Сумерки, особенно среди высоких деревьев, уже сильно сгустились и не позволяли Сычу разглядеть приближавшуюся к нему фигуру; он только хмурился, приставивши козырьком ладонь к глазам, и ворчал:

— От, «слипують» очи, хоть выколи!

— Да что же это? Не узнаешь таки меня, друже мой Сыче?

— воскликнул мягким, приятным голосом старший казак, распростерши широко руки.

— Господи, Спасе мой! Да неужто! — и дед протер еще раз слезящиеся глаза.

— Гай, гай, голубе! — укорил незнакомец, обнимая оторопевшего деда. — Значит, ты все-таки меня не признал, — либо прошлое забыл, — либо похоронил меня рано… Да Богун же, Богун Иван, «сывый» мой орле?

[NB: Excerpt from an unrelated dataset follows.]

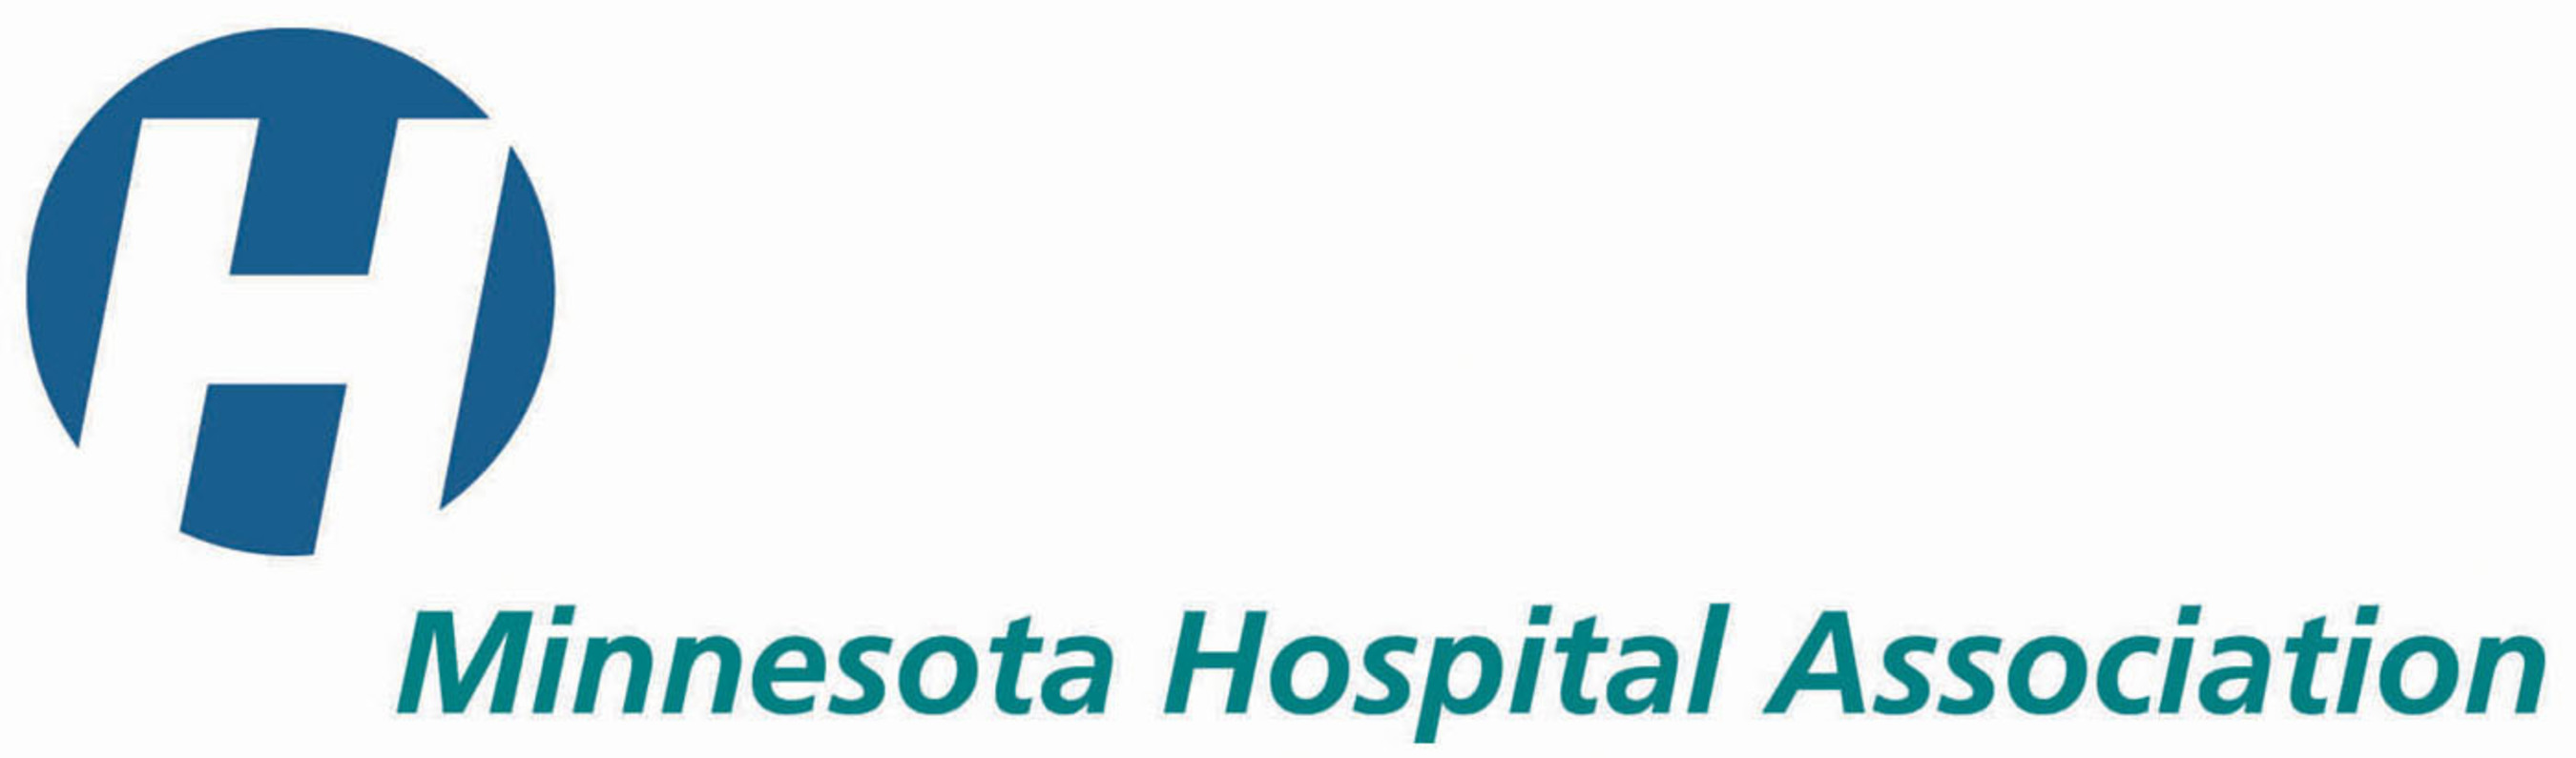 Minnesota Hospital Association logo.

— Богун? — вскрикнул восторженно дед. — Сокол наш? Отрада наша? Вот так «велыкдень»! — и, взявши в обе руки голову старого друга, стал порывисто целовать ее, приговаривая взволнованным голосом, — откуда мне сие? Ныне отпущаеши…

— Не познал таки, а? Старче мой любый! — говорил, улыбаясь, Богун. — Изменился, видно, и здорово? С временем, брат, ничего не поделаешь: не «налыгаеш» его, как вола за рога: летит себе и устали не ведает, да знай лишь посыпает «чупрыны» морозом… Вот и твою голову да усы облило молоком…

— Хе, давно уже, — засмеялся Сыч, — теперь уже не белеть я стал, а желтеть… а скоро зеленеть буду… Да что же мы стоим? До «господы» прошу «честное товарыство»! — поклонился он приветливо стоявшим за Богуном казакам.

— А я-то хорош, — засмеялся Богун, — разболтался со старым приятелем и не знакомлю с ним своих товарищей! Вот этот малеванный — полковник Ханенко, козарлюга добрый, как долбанет «спысом», так словно шилом проймет, а вот этот Безокий — наш куренной атаман, садит пулю на пулю… Правда, одна пуля вражья прохватила сдуру и ему око, та дарма, — он и другим лучше нас высмотрит сердце ворожье… А этот юнец — хорунжий Палий, завзятый сичовик, козарлюгой будет, — «молоде, та гаряче».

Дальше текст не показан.